----- Given entries

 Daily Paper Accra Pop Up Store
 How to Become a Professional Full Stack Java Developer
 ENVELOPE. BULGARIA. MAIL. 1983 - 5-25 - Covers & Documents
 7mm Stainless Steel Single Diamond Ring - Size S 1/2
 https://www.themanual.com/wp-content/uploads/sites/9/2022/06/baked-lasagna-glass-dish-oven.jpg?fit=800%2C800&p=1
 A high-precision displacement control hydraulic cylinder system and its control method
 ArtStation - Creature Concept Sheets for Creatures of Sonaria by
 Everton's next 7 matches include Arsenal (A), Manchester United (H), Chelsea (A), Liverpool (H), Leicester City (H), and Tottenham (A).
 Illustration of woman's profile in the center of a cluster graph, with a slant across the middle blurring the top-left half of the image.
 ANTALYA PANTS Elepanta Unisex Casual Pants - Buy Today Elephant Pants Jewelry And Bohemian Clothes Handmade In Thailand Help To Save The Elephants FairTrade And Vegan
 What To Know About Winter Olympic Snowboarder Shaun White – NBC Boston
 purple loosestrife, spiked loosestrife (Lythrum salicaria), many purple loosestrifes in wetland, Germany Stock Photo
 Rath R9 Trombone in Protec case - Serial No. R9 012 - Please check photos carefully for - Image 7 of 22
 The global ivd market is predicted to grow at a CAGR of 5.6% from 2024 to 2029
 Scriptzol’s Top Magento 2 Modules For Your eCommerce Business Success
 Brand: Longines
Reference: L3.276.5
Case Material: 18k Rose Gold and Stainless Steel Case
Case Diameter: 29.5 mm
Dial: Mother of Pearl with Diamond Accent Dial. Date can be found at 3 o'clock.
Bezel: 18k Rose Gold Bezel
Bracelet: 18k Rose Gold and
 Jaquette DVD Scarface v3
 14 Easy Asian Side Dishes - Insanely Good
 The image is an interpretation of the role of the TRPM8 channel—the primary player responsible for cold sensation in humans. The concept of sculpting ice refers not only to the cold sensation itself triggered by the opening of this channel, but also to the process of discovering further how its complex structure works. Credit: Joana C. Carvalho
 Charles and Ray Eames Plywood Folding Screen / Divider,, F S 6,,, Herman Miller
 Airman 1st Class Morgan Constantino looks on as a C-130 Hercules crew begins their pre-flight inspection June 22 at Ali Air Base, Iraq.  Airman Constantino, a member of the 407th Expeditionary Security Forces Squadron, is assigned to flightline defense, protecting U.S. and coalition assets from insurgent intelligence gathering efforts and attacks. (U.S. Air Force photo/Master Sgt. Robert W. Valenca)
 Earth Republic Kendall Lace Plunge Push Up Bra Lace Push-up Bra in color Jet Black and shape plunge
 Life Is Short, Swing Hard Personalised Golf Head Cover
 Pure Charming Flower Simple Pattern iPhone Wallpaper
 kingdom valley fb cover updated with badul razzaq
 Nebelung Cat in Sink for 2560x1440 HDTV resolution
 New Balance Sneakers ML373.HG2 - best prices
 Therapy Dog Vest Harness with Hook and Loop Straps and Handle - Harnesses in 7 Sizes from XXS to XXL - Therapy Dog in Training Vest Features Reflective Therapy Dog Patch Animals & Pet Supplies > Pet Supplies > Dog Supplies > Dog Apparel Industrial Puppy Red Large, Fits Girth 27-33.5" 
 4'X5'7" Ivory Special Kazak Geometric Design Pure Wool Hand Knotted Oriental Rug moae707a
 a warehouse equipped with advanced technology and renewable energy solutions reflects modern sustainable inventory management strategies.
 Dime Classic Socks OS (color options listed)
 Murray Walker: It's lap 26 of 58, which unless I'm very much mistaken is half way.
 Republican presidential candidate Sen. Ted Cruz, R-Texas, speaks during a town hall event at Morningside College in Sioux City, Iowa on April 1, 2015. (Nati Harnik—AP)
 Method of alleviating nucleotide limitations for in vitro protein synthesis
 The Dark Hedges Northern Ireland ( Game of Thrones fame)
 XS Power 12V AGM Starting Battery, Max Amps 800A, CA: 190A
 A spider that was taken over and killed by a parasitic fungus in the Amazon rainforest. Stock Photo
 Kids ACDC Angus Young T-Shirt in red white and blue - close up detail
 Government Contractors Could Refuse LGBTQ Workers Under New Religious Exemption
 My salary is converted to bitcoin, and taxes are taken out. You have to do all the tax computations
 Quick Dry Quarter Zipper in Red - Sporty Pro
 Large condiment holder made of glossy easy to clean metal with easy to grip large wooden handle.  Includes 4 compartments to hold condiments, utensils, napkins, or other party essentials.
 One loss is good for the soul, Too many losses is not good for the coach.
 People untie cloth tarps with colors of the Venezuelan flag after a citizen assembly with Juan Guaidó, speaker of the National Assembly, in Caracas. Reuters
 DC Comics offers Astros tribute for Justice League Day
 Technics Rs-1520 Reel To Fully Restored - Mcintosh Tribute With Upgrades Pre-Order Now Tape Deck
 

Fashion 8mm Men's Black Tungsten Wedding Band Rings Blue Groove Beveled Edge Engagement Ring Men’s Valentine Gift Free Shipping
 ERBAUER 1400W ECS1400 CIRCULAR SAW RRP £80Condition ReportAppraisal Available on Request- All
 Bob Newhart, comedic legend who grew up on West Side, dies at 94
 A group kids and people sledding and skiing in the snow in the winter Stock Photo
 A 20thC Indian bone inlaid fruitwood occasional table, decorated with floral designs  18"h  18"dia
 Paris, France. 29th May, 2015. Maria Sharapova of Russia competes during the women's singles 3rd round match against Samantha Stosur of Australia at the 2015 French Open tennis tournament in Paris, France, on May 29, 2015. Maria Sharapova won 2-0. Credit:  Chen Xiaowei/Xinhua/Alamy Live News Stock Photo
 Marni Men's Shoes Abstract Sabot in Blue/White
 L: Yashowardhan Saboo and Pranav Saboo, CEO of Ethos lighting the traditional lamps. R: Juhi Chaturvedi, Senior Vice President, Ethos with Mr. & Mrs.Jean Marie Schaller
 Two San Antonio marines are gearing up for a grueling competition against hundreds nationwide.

----------

Task details: In the listing above, find the line with "Case Material: 18k" and the line with "Charles and Ray", then reproduce both and every line between them exactly.

Answer space:
Case Material: 18k Rose Gold and Stainless Steel Case
Case Diameter: 29.5 mm
Dial: Mother of Pearl with Diamond Accent Dial. Date can be found at 3 o'clock.
Bezel: 18k Rose Gold Bezel
Bracelet: 18k Rose Gold and
 Jaquette DVD Scarface v3
 14 Easy Asian Side Dishes - Insanely Good
 The image is an interpretation of the role of the TRPM8 channel—the primary player responsible for cold sensation in humans. The concept of sculpting ice refers not only to the cold sensation itself triggered by the opening of this channel, but also to the process of discovering further how its complex structure works. Credit: Joana C. Carvalho
 Charles and Ray Eames Plywood Folding Screen / Divider,, F S 6,,, Herman Miller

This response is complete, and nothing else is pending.